The teacher described the situation to a community liaison officer, who is a school district employee not a police officer, and asked him to find out if appellant had taken the money. The community liaison officer accompanied appellant to a conference room and spoke with appellant about the missing money.
The initial justification for the search arose from the teacher’s observations and beliefs that: (1) appellant had an opportunity to use the restroom prior to the assembly; (2) appellant saw her check her purse prior to the assembly; (3) students do not like to leave during the “Magazine Guy” assembly because they find the presentation very entertaining; and (4) appellant was absent for an unusually long period of time. Under these circumstances, we conclude that the search was justified at its inception.
Appellant also contends that the search fails the second prong of the T.L.O. test because it was excessively intrusive. A search is reasonable in scope if the means “are reasonably related to the objectives of the search and not excessively intrusive in light of the age and [gender] of the student and the nature of the infraction.” Id. at 342, 105 S. Ct. at 743.

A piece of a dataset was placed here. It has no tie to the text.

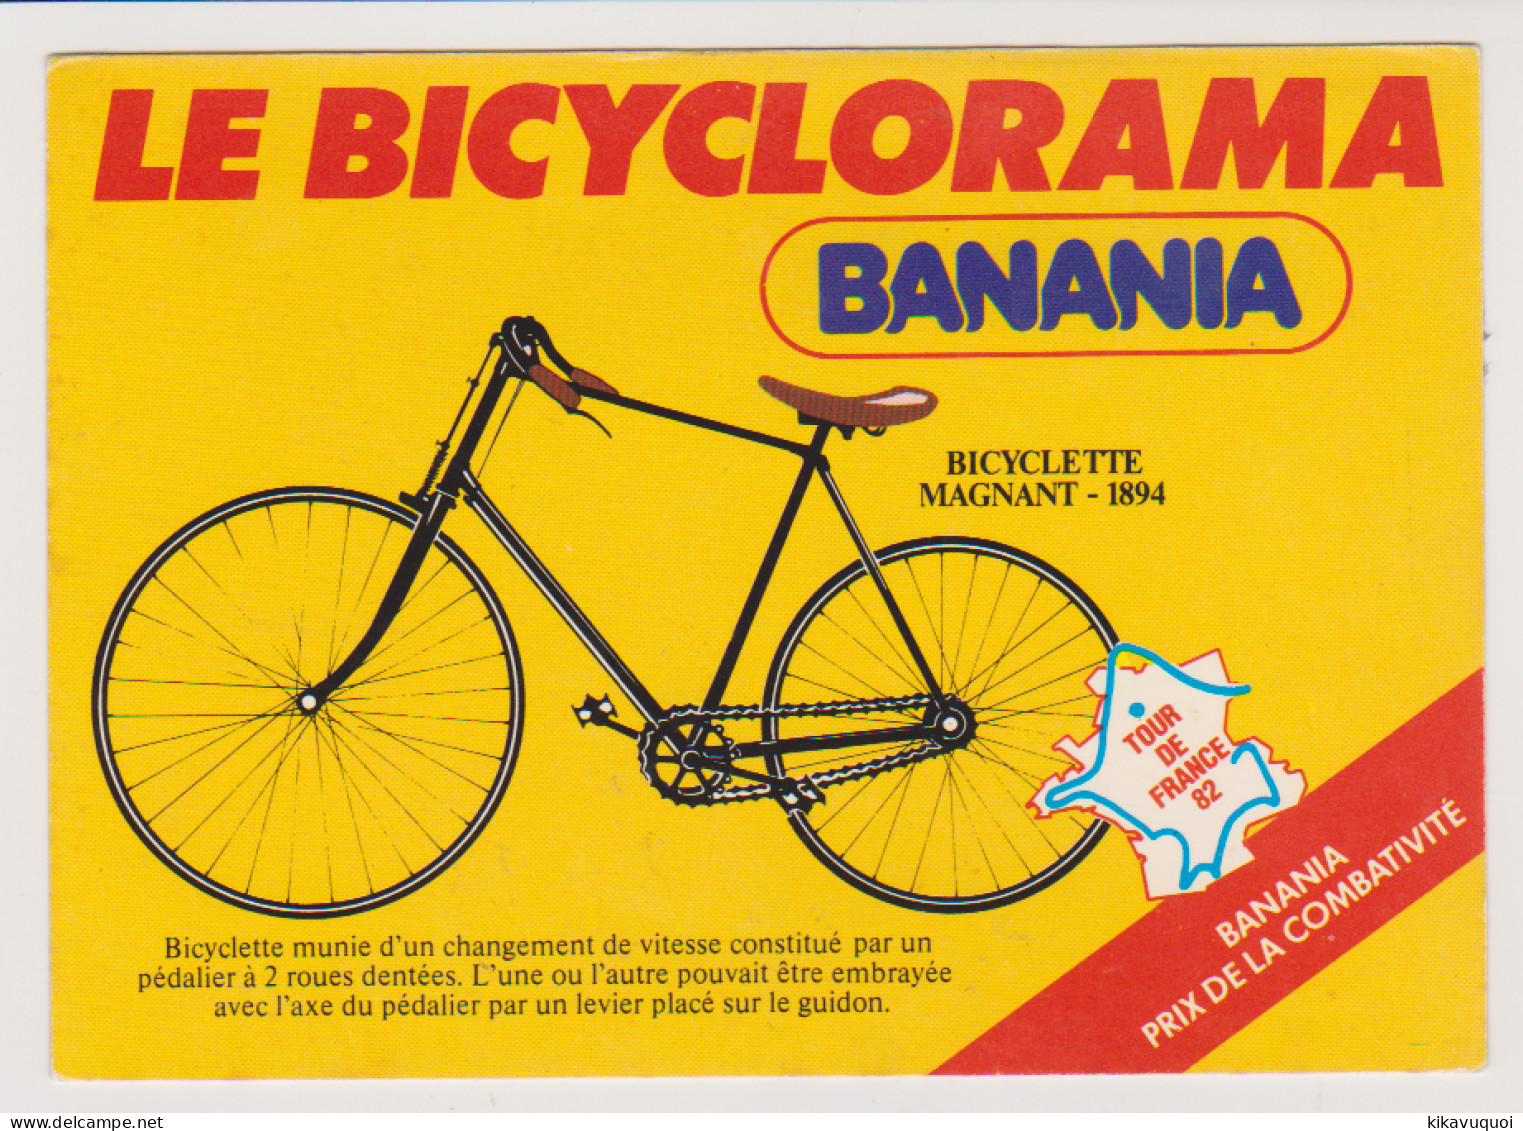 BANANIA - TOUR DE FRANCE 1982 - LE BICYCLORAMA - VELO - CYCLE - CARTE POSTALE ANCIENNE - Motos

While the two were in the school conference room, the community liaison officer asked appellant if he knew anything about the missing money. The liaison officer asked appellant if he was willing to empty his pockets. Appellant did, and no money was in his pockets. The liaison officer then asked appellant if he would be willing to remove his shoes. When appellant took off his left shoe, $28 fell out. When asked where he had gotten the money, appellant initially claimed that he had earned the money doing “odd jobs” but, upon further questioning, admitted that he had taken the $20 bill from the teacher’s purse during the assembly and the $8 from the paraprofessional’s purse on the previous day.
Here, the facts demonstrate that the scope of the search was reasonably related to the objective of determining whether T.J.R. had taken the missing money. The liaison officer’s requests that appellant empty his pockets, followed by his request that appellant remove his shoes, were related to the objective of finding the missing money and were only minimally intrusive. Therefore, we conclude that the search of T.J.R. resulting in the seizure of $28 did not violate the T.L.O. reasonableness requirement for a search conducted by a school official.

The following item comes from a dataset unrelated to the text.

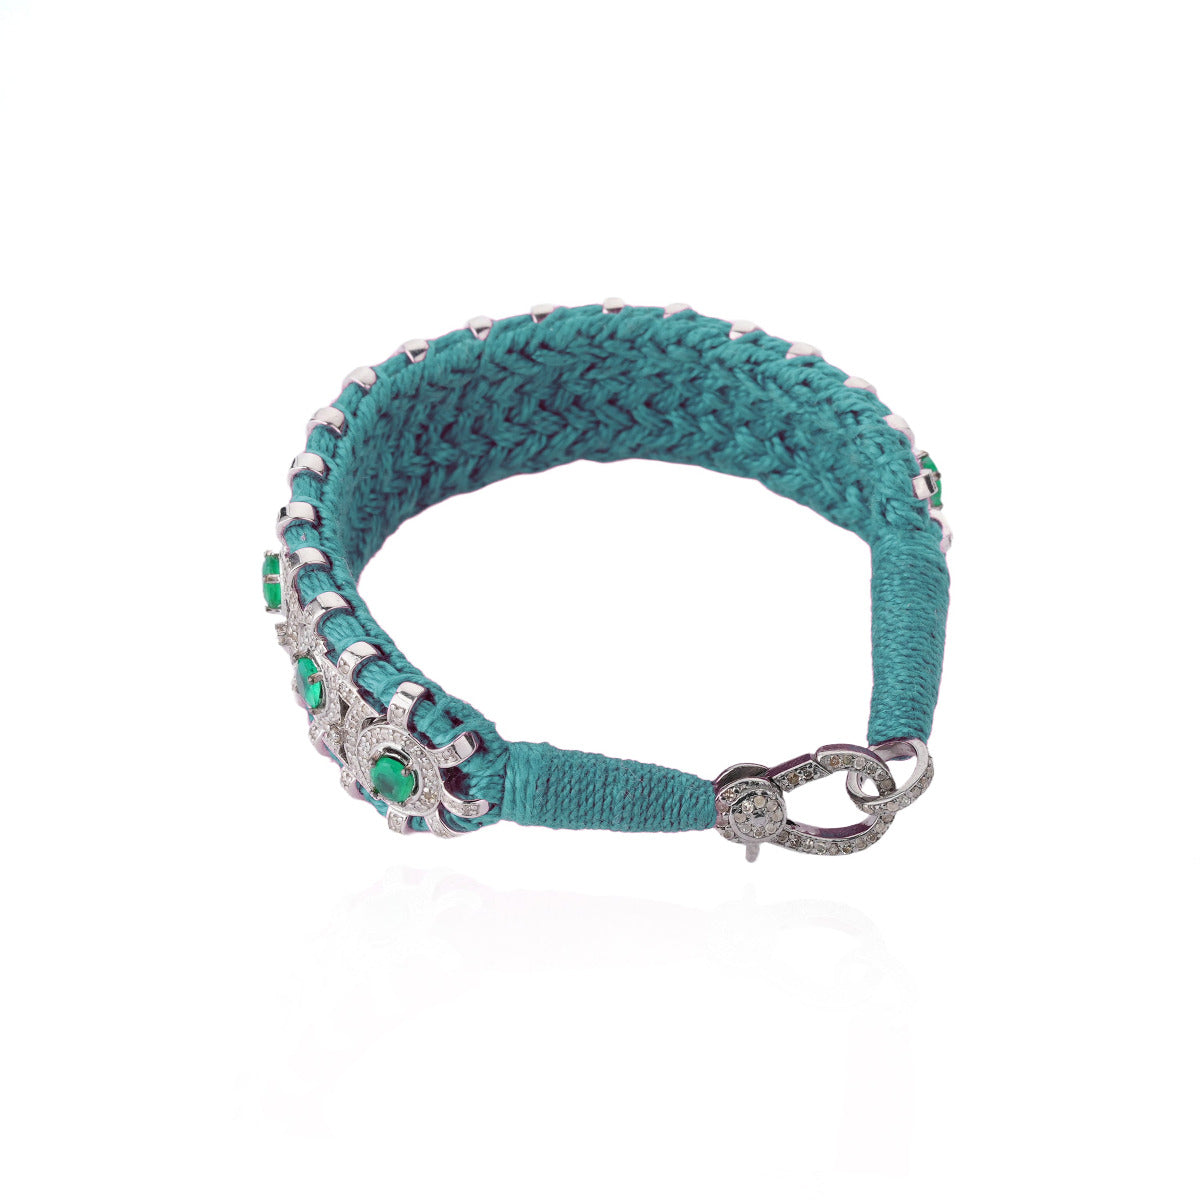 Bracelet Sao Paulo turquoise

Because the search in this case was both justified at its inception and reasonable in scope, the district court did not err by denying appellant’s motion to suppress the evidence.

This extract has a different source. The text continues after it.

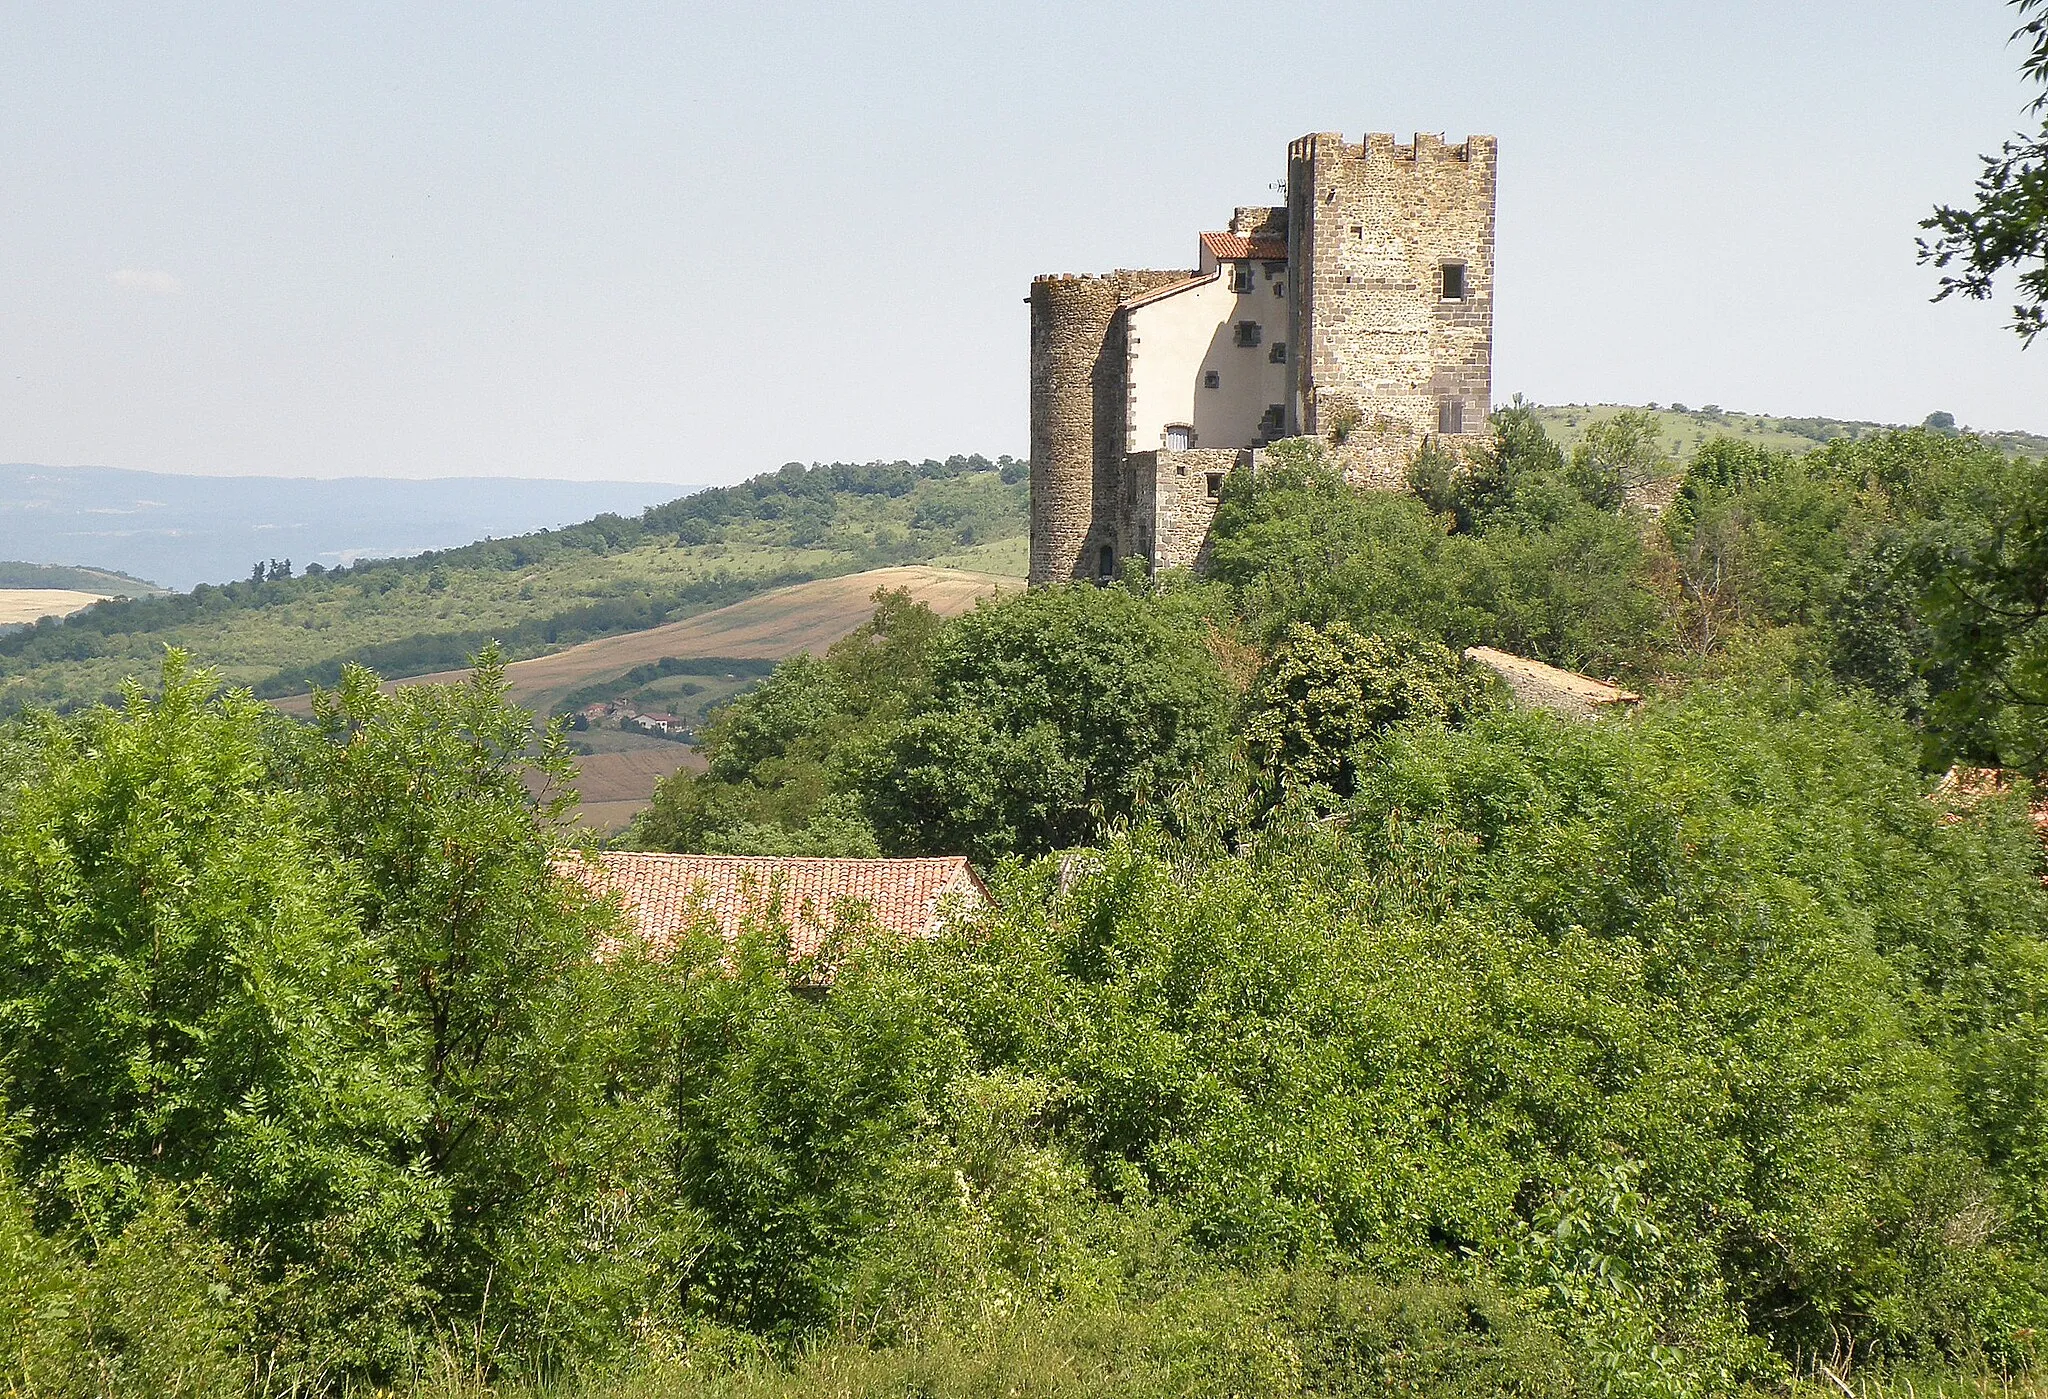 Photo showing: Montaigut-le-Blanc, comm. du Puy-de-Dôme (France, région Auvergne). Château médiéval, vu depuis la départementale 639 (route d'Olloix). Coup d'oeil vers le sud-est.

Appellant contends that the district court should have suppressed his confession to the community liaison officer as “fruit of the poisonous tree.” Appellant also encourages us to hold that the exclusionary rule applies to unlawful searches conducted by school officials. But because we conclude that the search of appellant was constitutional, under both the federal and state constitutions, we do not reach this issue.
 Because appellant challenges the district court’s suppression decision, he argues that the facts for review are limited to those presented at the suppression hearing. Without addressing the merits of this argument, we base our analysis solely on the facts presented at the suppression hearing.